Another option if there is a small number of utility functions (like the console coloring, etc.) that both insight and datawizard need, we could use github submodules to copy them over from insight to datawizard (or vice versa) at build time so that they can exist internally in both, but only be exported by one.

from datawizard.

IndrajeetPatil avatar IndrajeetPatil commented on August 17, 2024 2

In light of all this discussion, I think the most pragmatic solution for now (since we want to get this package on CRAN asap) would be that datawizard relies on insight, making the latter de facto the lowest level dependency in easystats.

from datawizard.

DominiqueMakowski avatar DominiqueMakowski commented on August 17, 2024 1

Actually, I was about to say that we should also consider moving down some of the essential helpers, like check_if_installed (and indeed, following @bwiernik add an argument to check version [edit: u did this already]) and format_table(). So that we can use them in datawizard (and regarding the formatting/printing of dataframes, it makes perfect sense to have them in the "data preparing" package).
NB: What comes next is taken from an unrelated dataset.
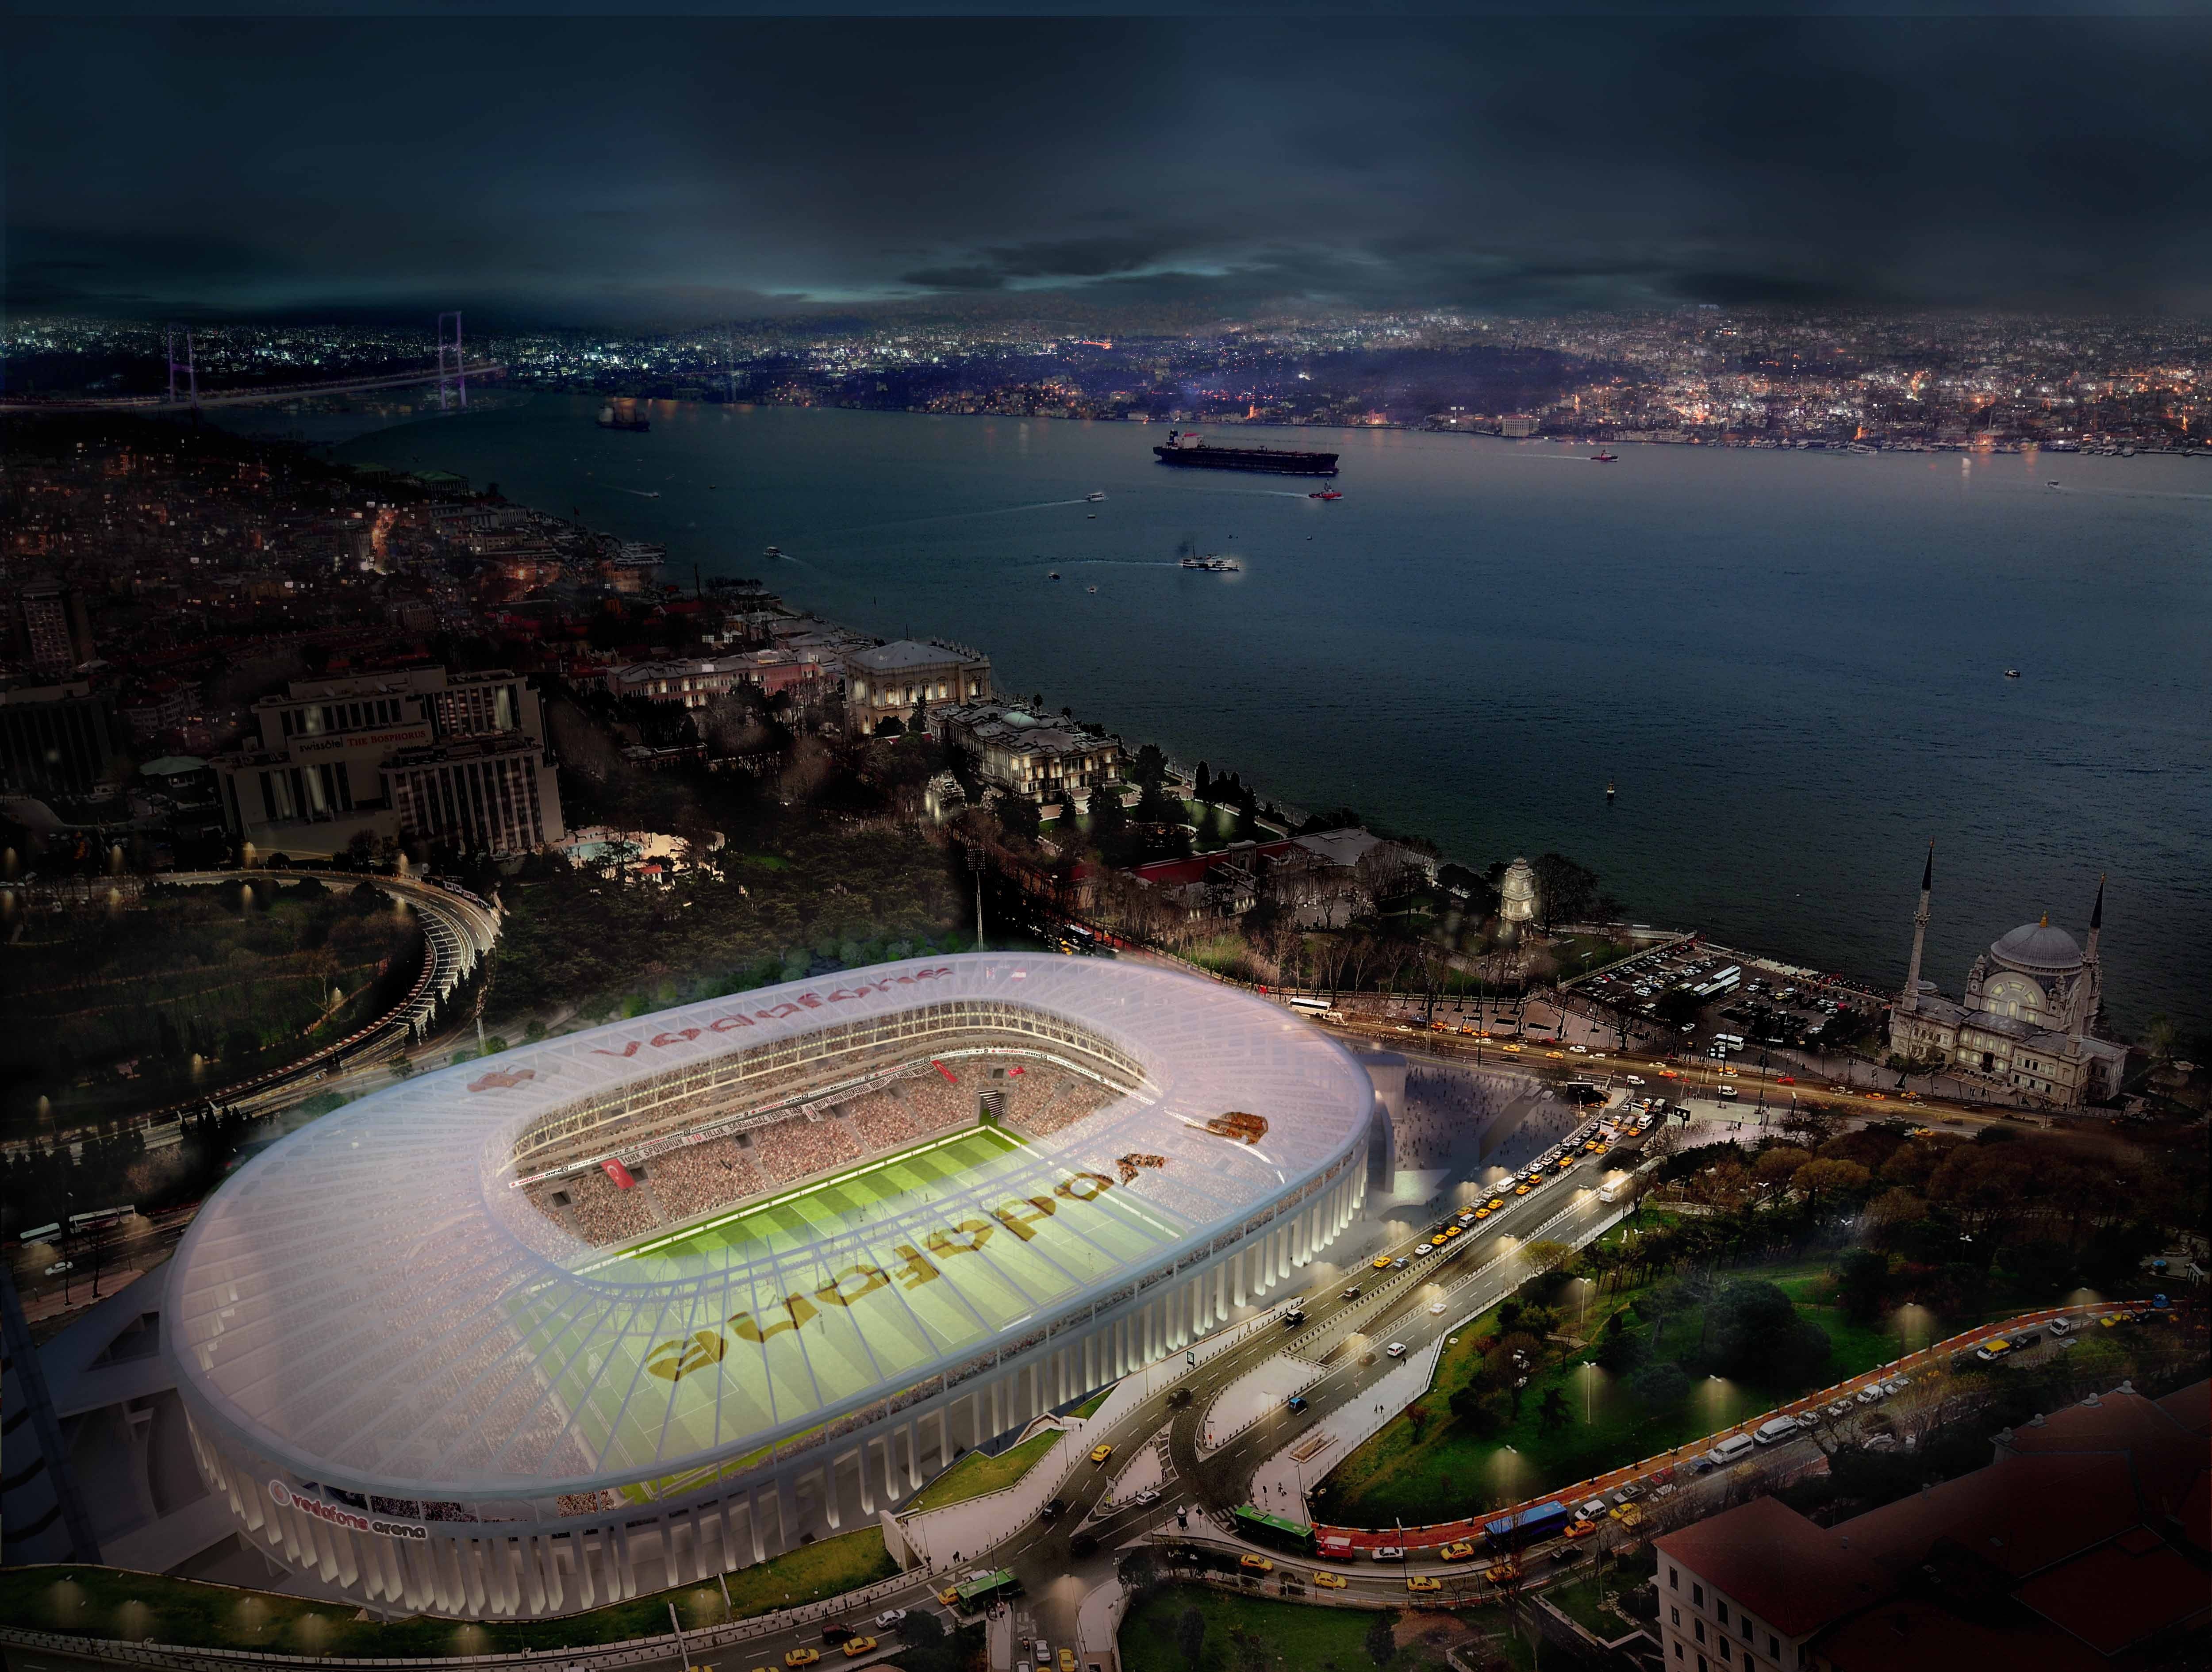 Besiktas J.K. #Istanbul #soccer Soccer Pitches Vodafone Arena K #wallpaper #hdwallpaper #desktop. New football stadiums, Vodafone arena, Football stadiums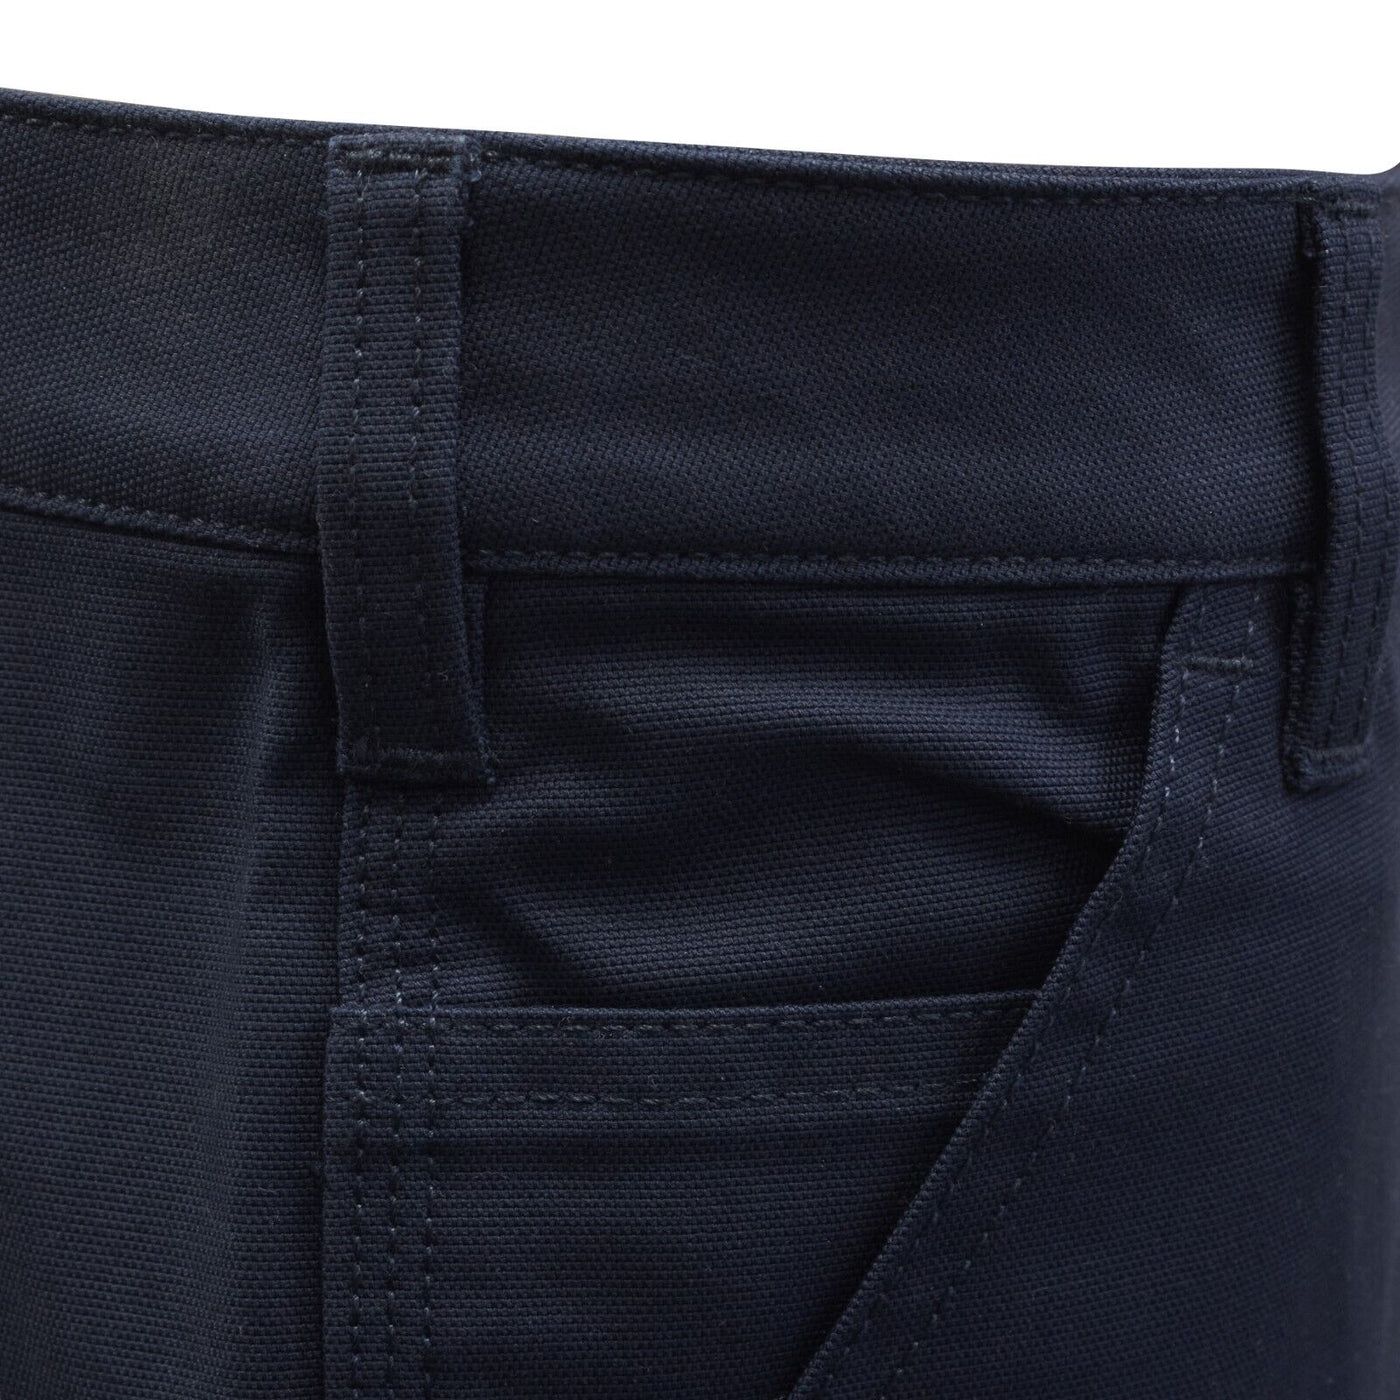 Carhartt Women's Navy Rugged Flex Chino Pants

These would be used by insight...

Conceptually I think the hierarchy is logical and meaningful too: first we start by functions to work with data, then functions to retrieve data from models, then functions to analyze/postprocess specific aspects of models, then functions to report/visualize them. So I'd vote for datawizard as the lowest level (in the long run, tho we could start by having them independent I suppose).

The only reasons why we might want to refrain from (that that I can see) are

  1. it might deter other developers from depending on insight if they see that it has a dependency: imo it's always the same story, we just have to explain that all the easystats packages could in fact well be just one package and that they were split for maintenance reasons but there is minimum risk of breakage due to some obscure upstream change (since the stream is actually closed) - which is the main problem with dependencies
  2. because insight is such a key foundational stone that you do not want to depend on another package in case it breaks or something. But I'd say that the risk is mitigated since insight would actually depend on only a few robust functions (check_required, format_table and things like that), so I don't see how it can go wrong... And then we have to trust @IndrajeetPatil with his maintaining skills 😋 but so far he's been pretty aware/reactive when it comes to compatibility and stability so 🤷‍♂️
  3. any other reasons you have in mind?

from datawizard.

bwiernik avatar bwiernik commented on August 17, 2024 1

See https://github.blog/2016-02-01-working-with-submodules/

For example, https://github.com/zotero/zotero here tracks the https://github.com/citation-style-language/styles repository and pulls in the latest versions of its built-in styles at build time.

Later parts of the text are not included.